#### Source material:

* * *

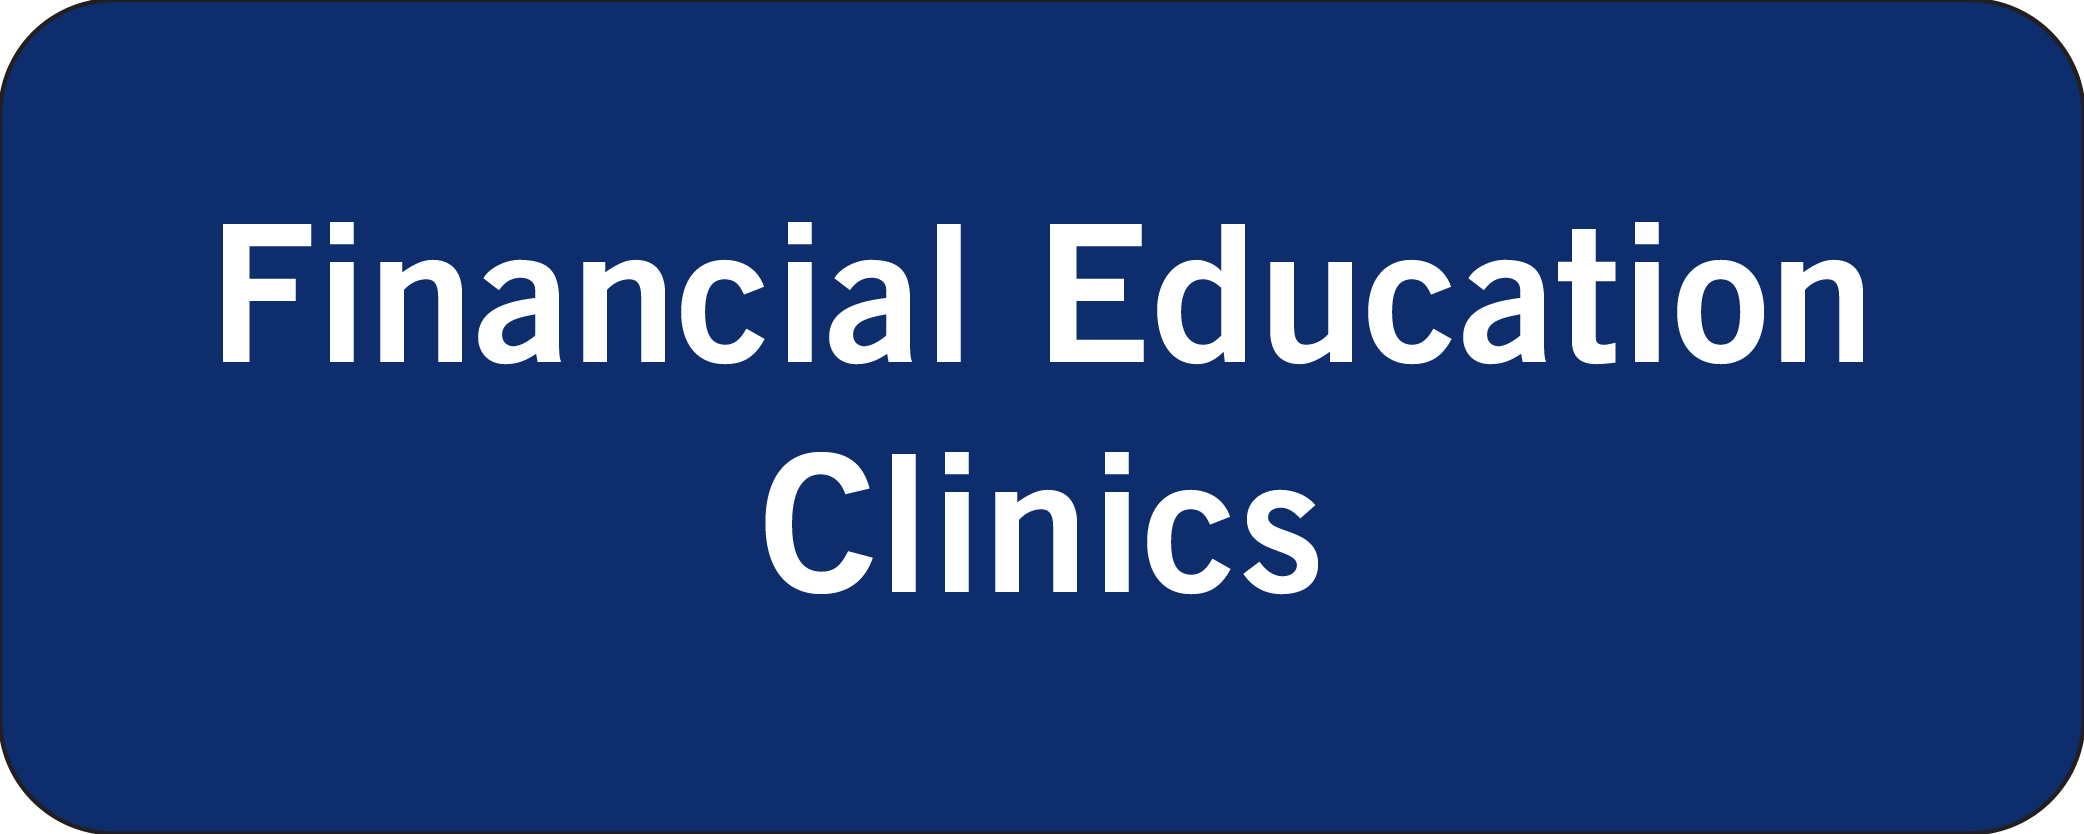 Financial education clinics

* * *

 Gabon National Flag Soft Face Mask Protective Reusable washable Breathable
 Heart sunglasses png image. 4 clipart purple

* * *

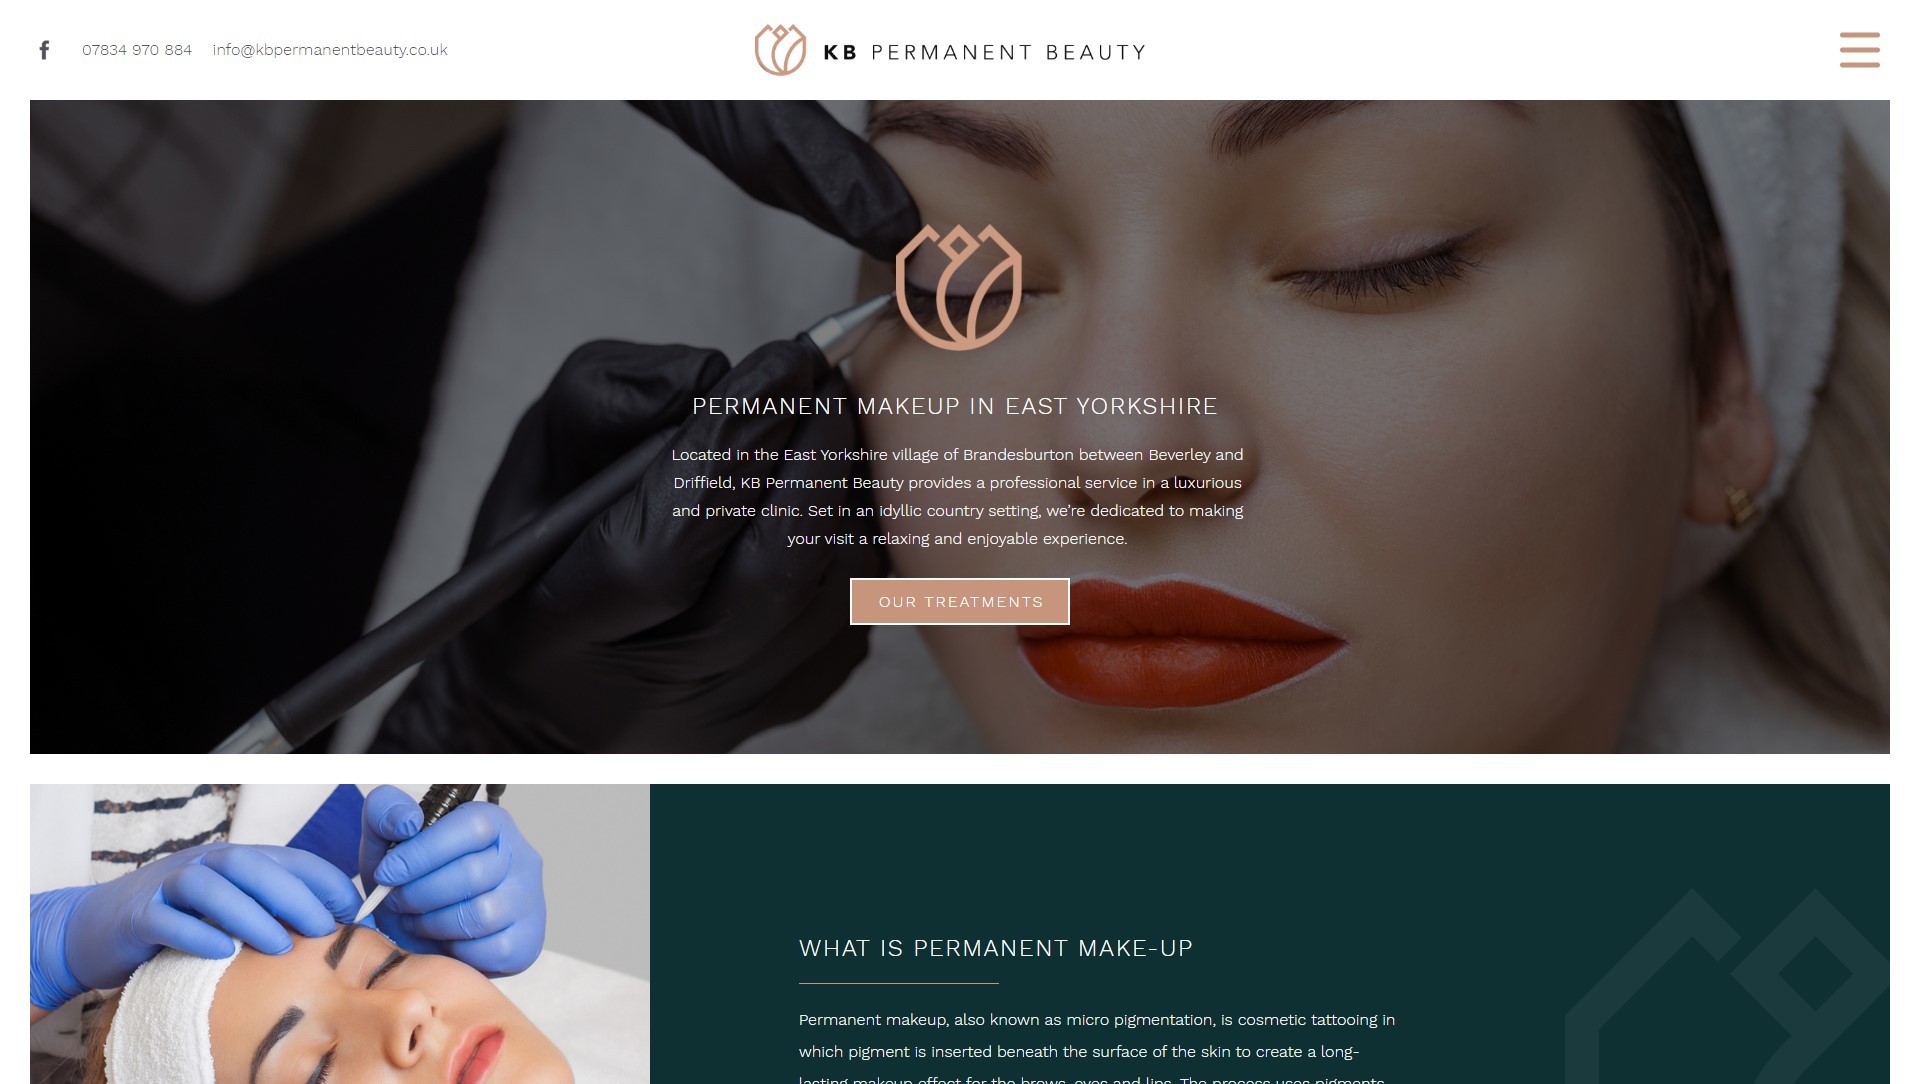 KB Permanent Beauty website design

* * *

#### Requirement:
Give again, word for word, every line of the listing above from the one with "Gabon National Flag" to the one with "Heart sunglasses png image. 4 clipart purple", both inclusive, and nothing beyond them.

#### Finished task:
 Gabon National Flag Soft Face Mask Protective Reusable washable Breathable
 Heart sunglasses png image. 4 clipart purple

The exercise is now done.